DATASET CONTENT |
********

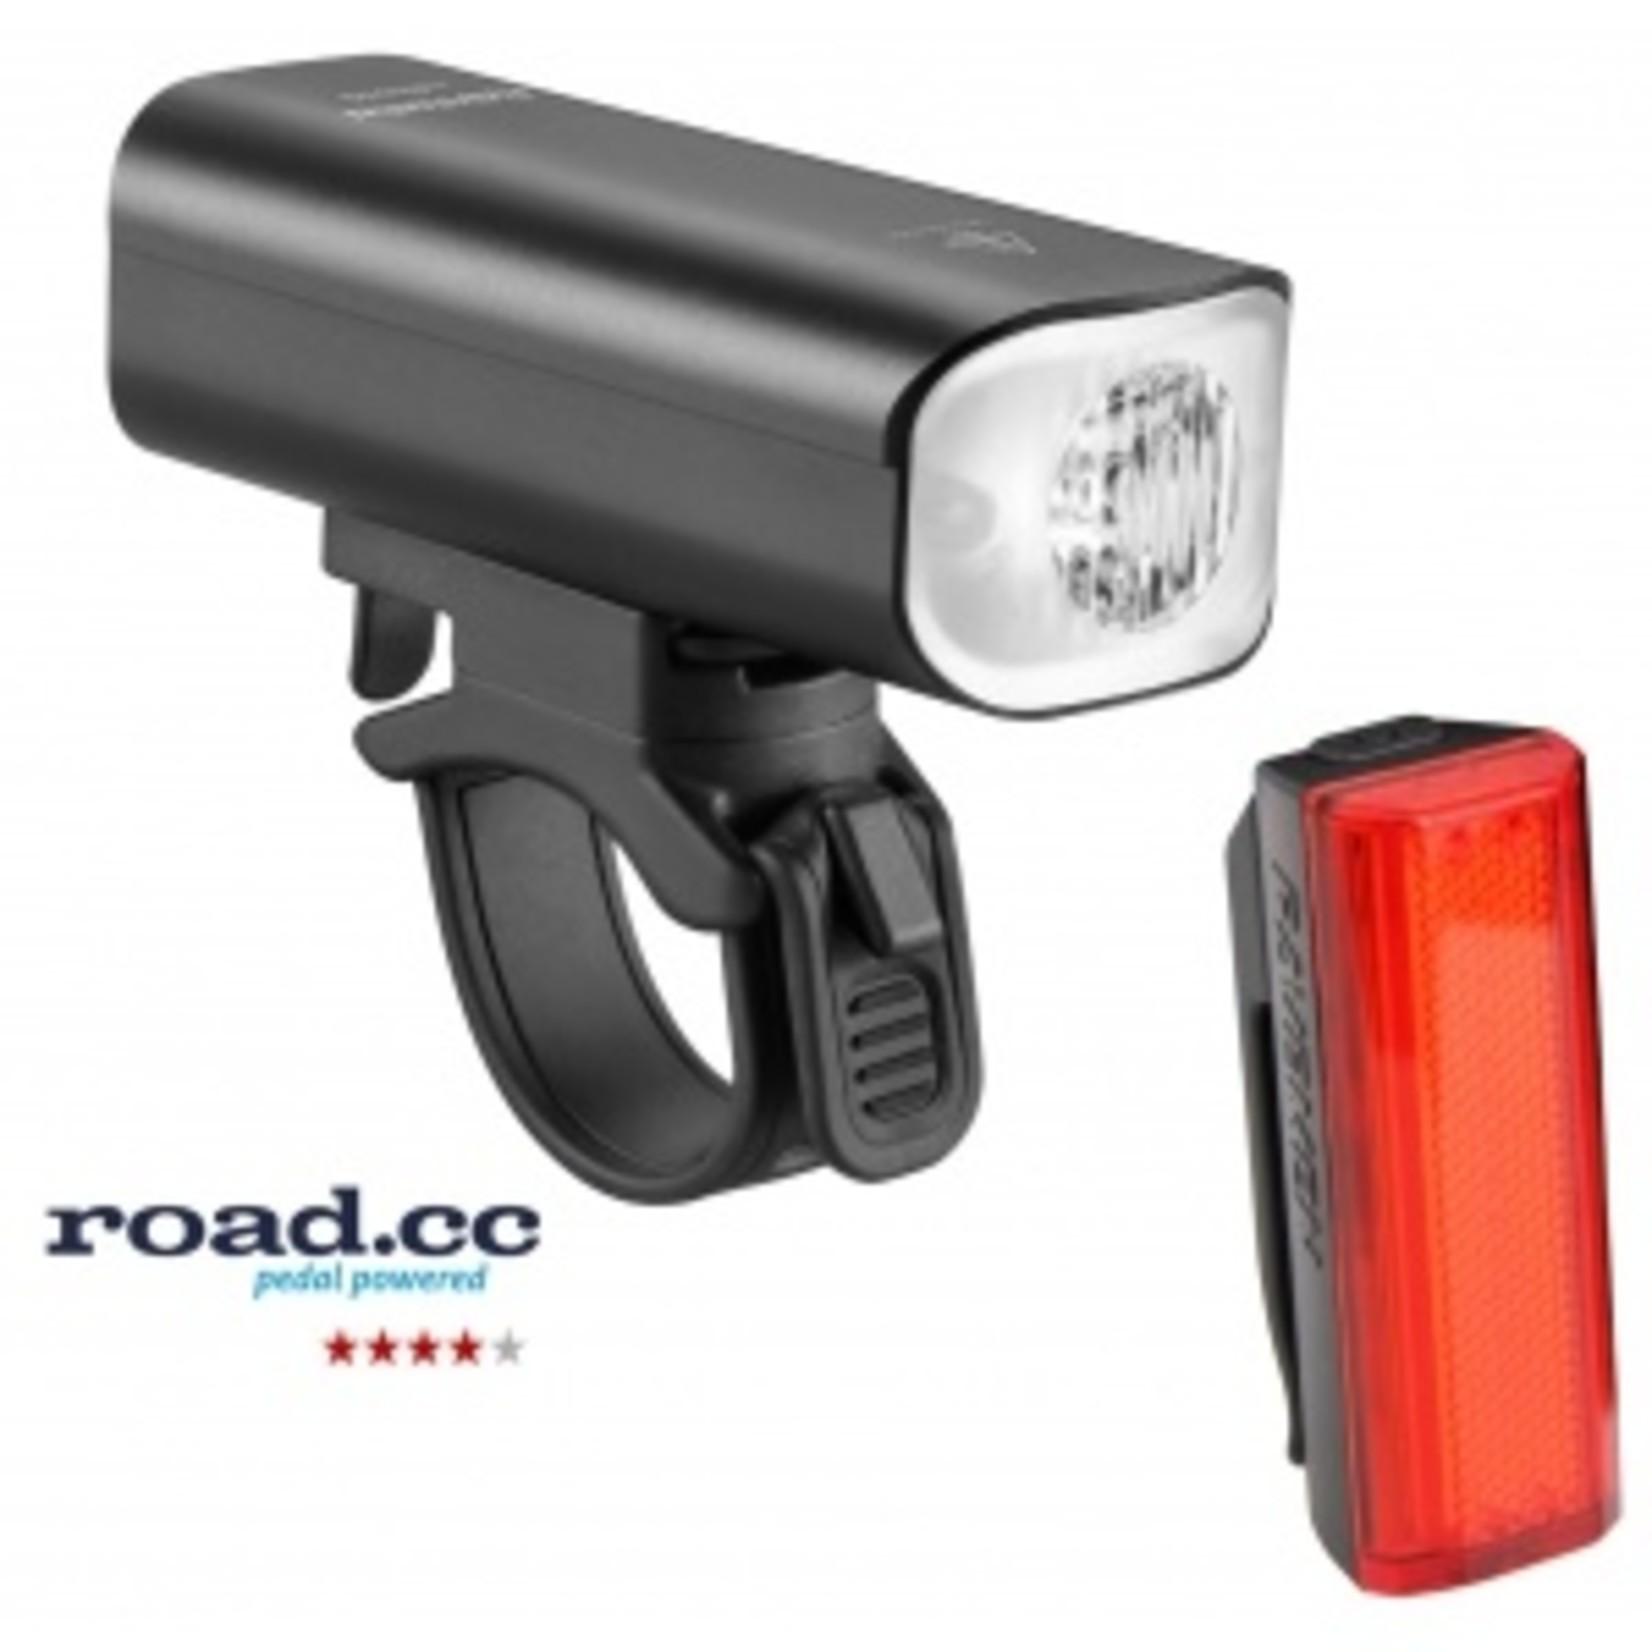 Raveman Ravemen LR500S (500 Lumens) / TR20 (20 Lumens) USB Rechargeable Twinset
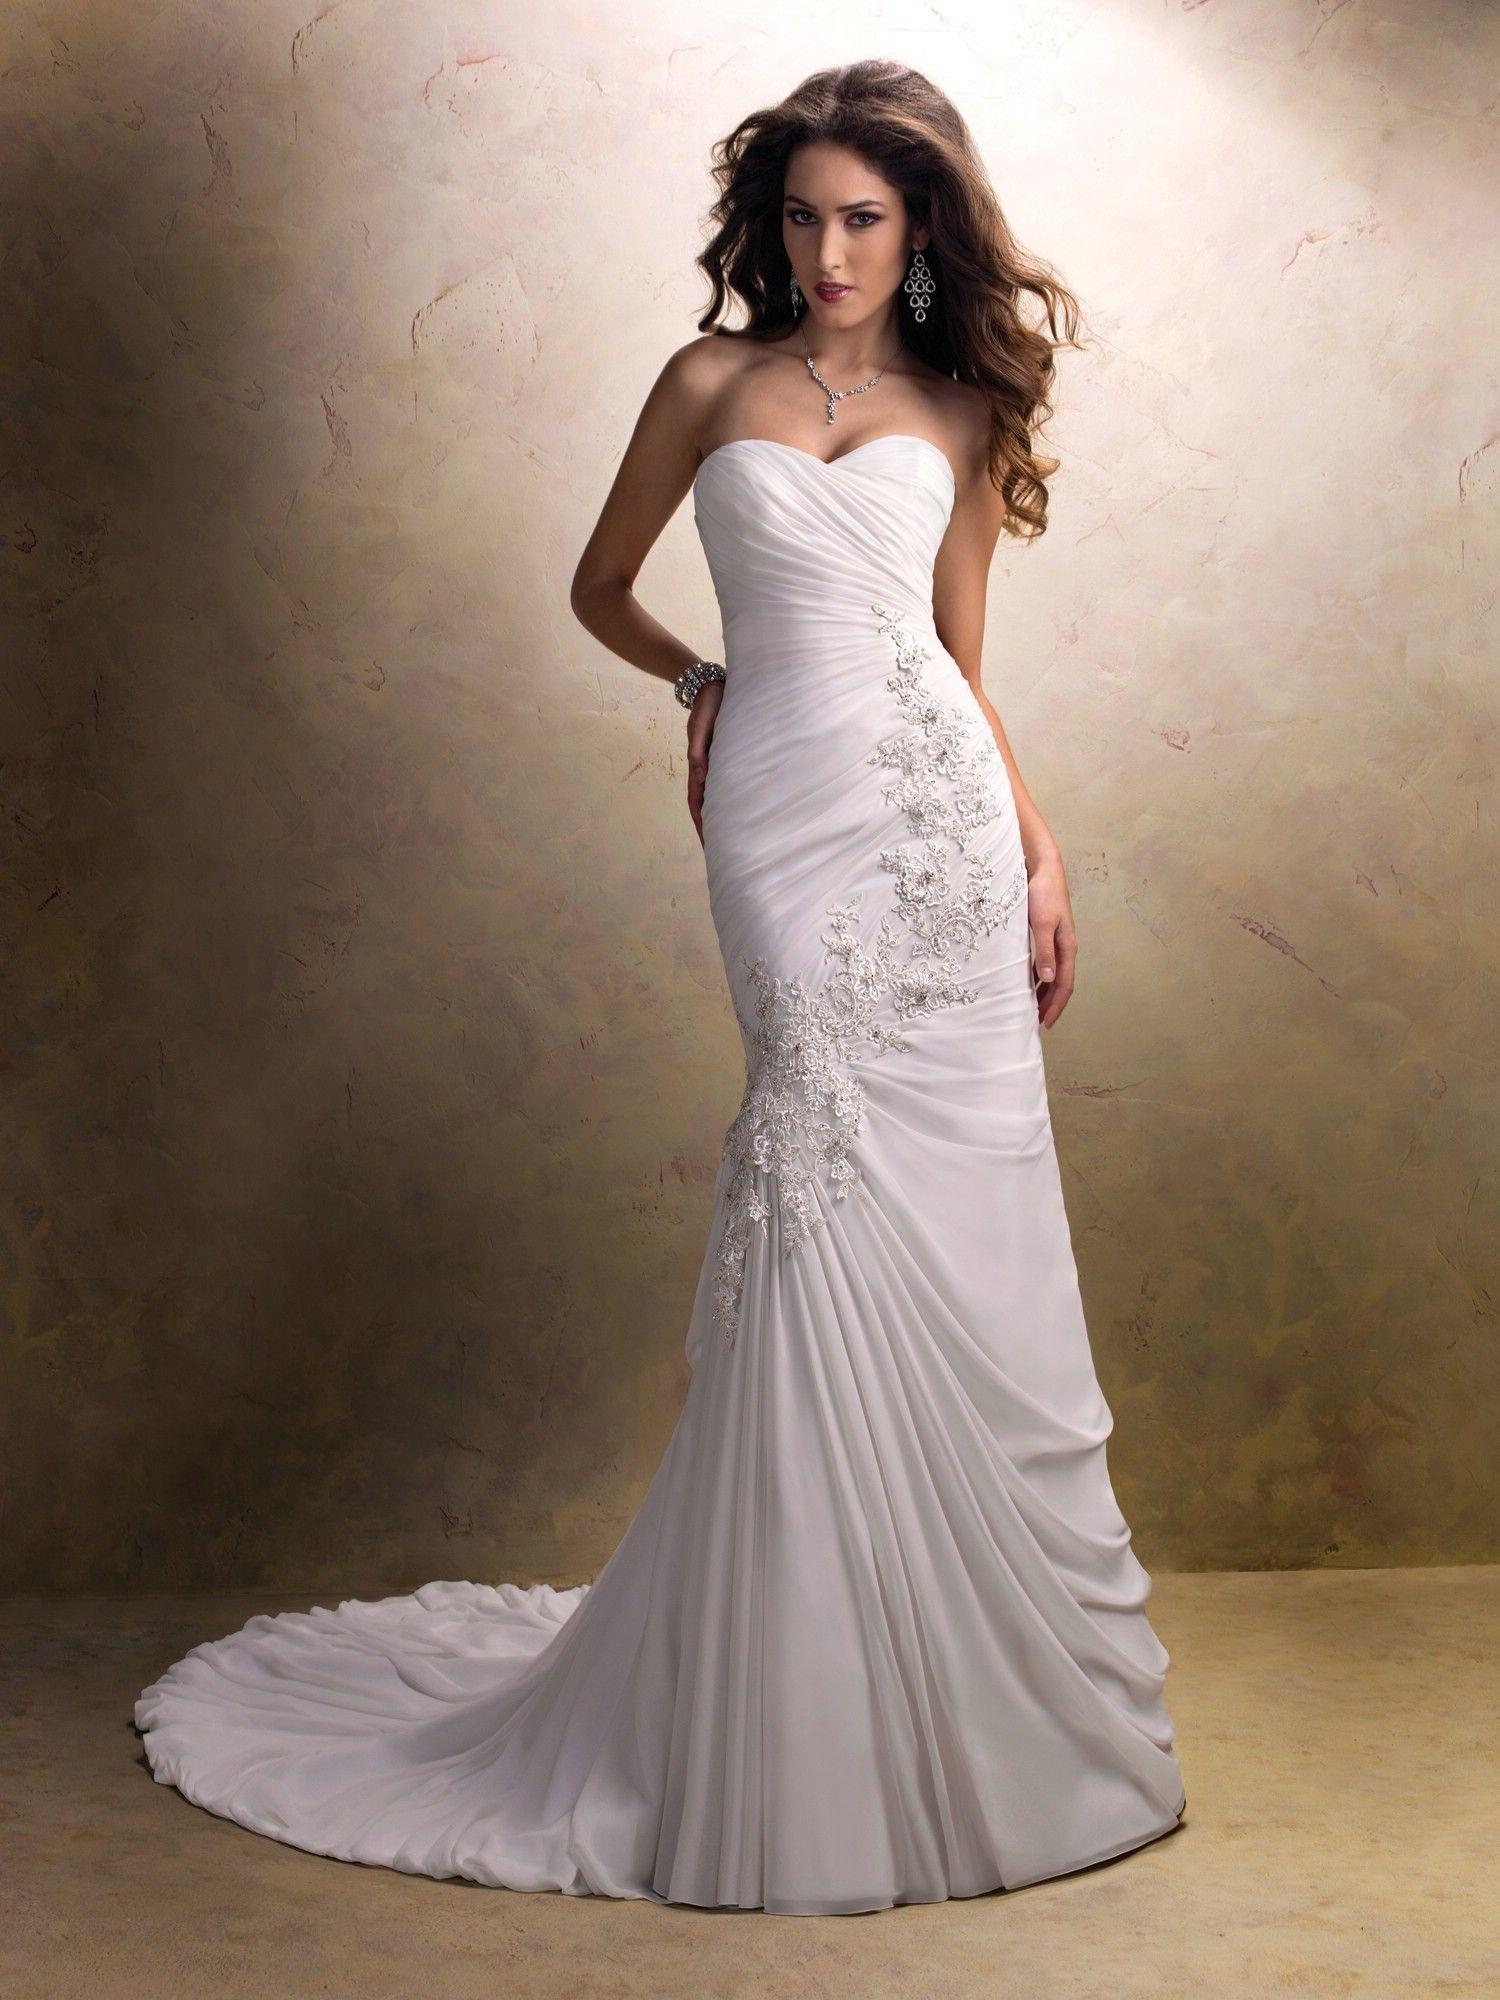 Maggie Sottero Wedding Dresses - Style Hillary 12523 2013 Maggie Sottero dress Hillary 12523 - BestBridalPrices [Hillary] - $1,049.00 : Wedd...
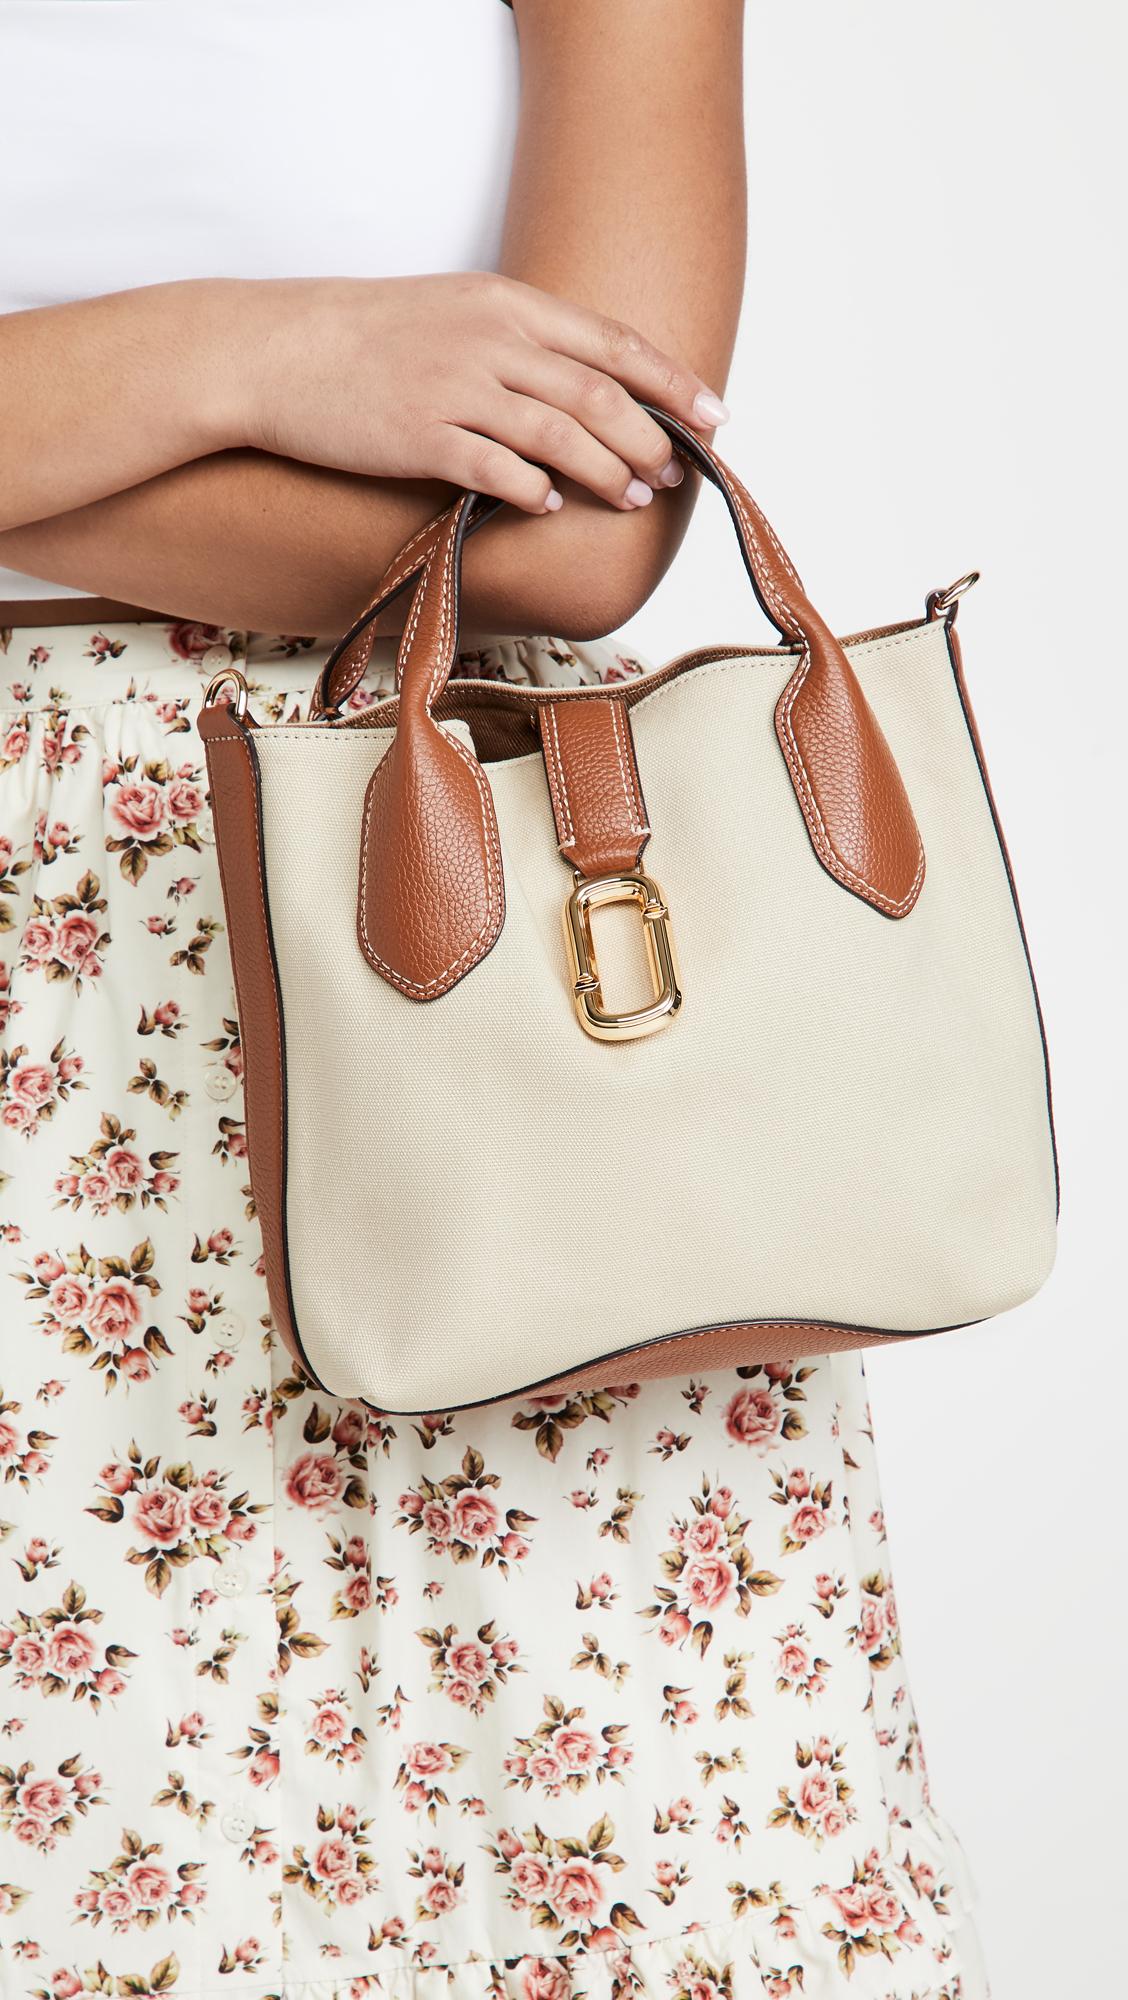 The Marc Jacobs Crossbody Bag

********

YOUR INSTRUCTIONS | Only the lines between the one containing "Maggie Sottero Wedding" and the last line of the listing above, both included, should be written out, exactly and without pictures.

OUTPUT |
 Maggie Sottero Wedding Dresses - Style Hillary 12523 2013 Maggie Sottero dress Hillary 12523 - BestBridalPrices [Hillary] - $1,049.00 : Wedd...
 The Marc Jacobs Crossbody Bag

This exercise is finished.